The main purpose of this document is to describe the features that a training environment for spoken language learning should have in order to train or improve students’ spoken skills.
It is our opinion that the learning process should aim to the development of global communication capabilities. A multimedia foreign language course should lead gradually the student to be autonomously able to communicate in the four fundamental linguistic skills: listening, reading, writing and talking. Therefore, in order to be effective, a training environment willing to develop oral abilities will have to provide a comprehensive learning environment dealing also with the other fundamental linguistic skills. In addition, it should also offer some understanding on the culture and civilisation of the country concerned.
Up to now, existing foreign language courseware, has been rather ineffective as far as the oral capabilities development are concerned. This is mainly due to two different aspects: from one side, the limited diffusion of computer with enough computational power and with satisfactory multimedia capabilities, and from the other, the unsatisfactory performance of the speech recognition systems especially as far as foreign speakers are concerned.
During the development of the first prototype, the work of the consortium has been focused on two major points: a) to demonstrate that the available speech recognition technology has the potential to set up a learning environment with good teaching performances and b) solve the technical issues concerning the integration of the speech-driven exercises within existing foreign language learning courses.
In this document we will therefore describe all the features that a multimedia foreign language course should have in order to successfully integrate oral training activities.
In the second chapter we will describe the features that traditional multimedia foreign language courseware should have, while in the third chapter we will give the description of the voice driven exercises we are developing to perform oral activities. Particular attention will be given to the description of the feedback provided to the users and on the "recovery" actions that the system will take based on the measured users’ performance.
In the last chapter a description of the final version of the ISLE prototype will be proposed including the structure of the course and the graphical layout.
Techniques and Educational Strategies for a Multimedia language learning courseware
Given these objectives, we think it may be useful to point out the techniques we are going to use to show their most distinctive aspects without any classificatory pretence.
By Direct presentation we mean an information’s communication technique that reproduces and transfers on software the typical slide show technique: short test, drawings, graphics. Its main function is to support the tutor in his/her explanation putting at his/her disposal some visual material to comment. There is neither educational dialogue nor exercise nor learning test. Menus, buttons and active areas allow the student to personalise the learning path.
The main function, and the added value that is given by motion in comparison with still images is the time dimension. The user has a direct perception of how events take place and which elements are involved without following a textual description and look for the objects which the description is referred to each time.
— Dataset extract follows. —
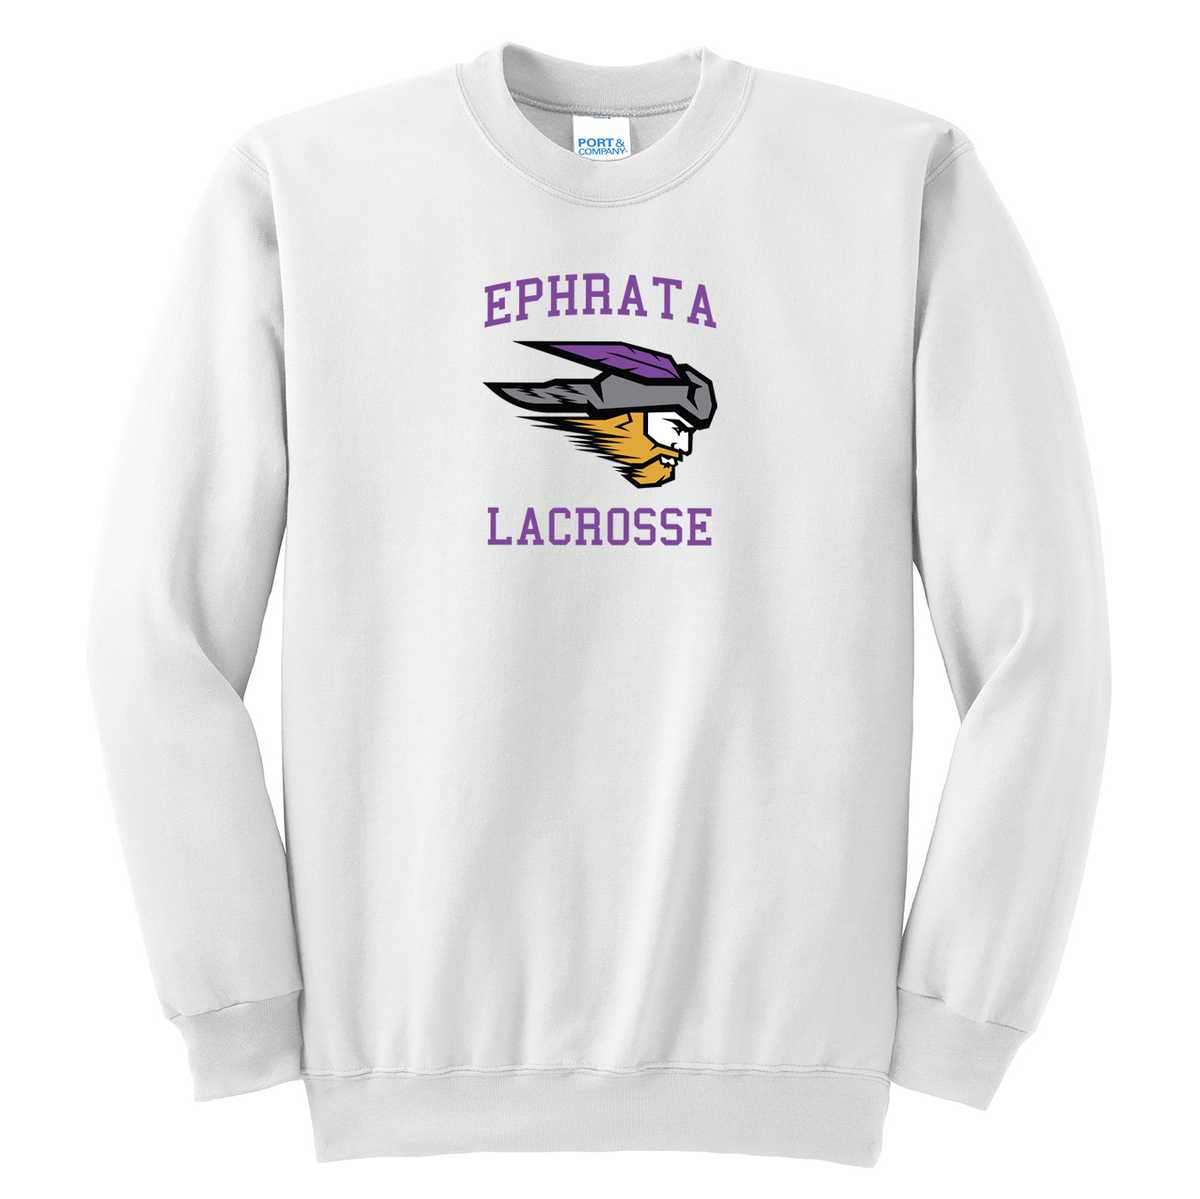 Ephrata Lacrosse Crew Neck Sweater

We consider hypertext as a way to organise information that is transversal to all above mentioned typologies. The term "hypertext" was coined by Ted Nelson around 1965 for a collection of documents (or "nodes") containing cross-references or "links" which, with the aid of an interactive browser program, allow the reader to move easily from one document to another. An extension of hypertext to include graphics, sound, video and other kinds of data is a "hypermedia".
Of course these techniques have to mixed in a way coherent with a specific Educational Strategy that is defined by the kind of relationship that we manage to set up with the learner. From a practical point of view this is implemented identifying evaluating and self-evaluating techniques that concur to determine a specific sequences of learning units.
As far as the target course is concerned, we think it would be better to resort to active strategies. These consider the learner as an agent able to influence the educational process and to decide in a certain way its procedures.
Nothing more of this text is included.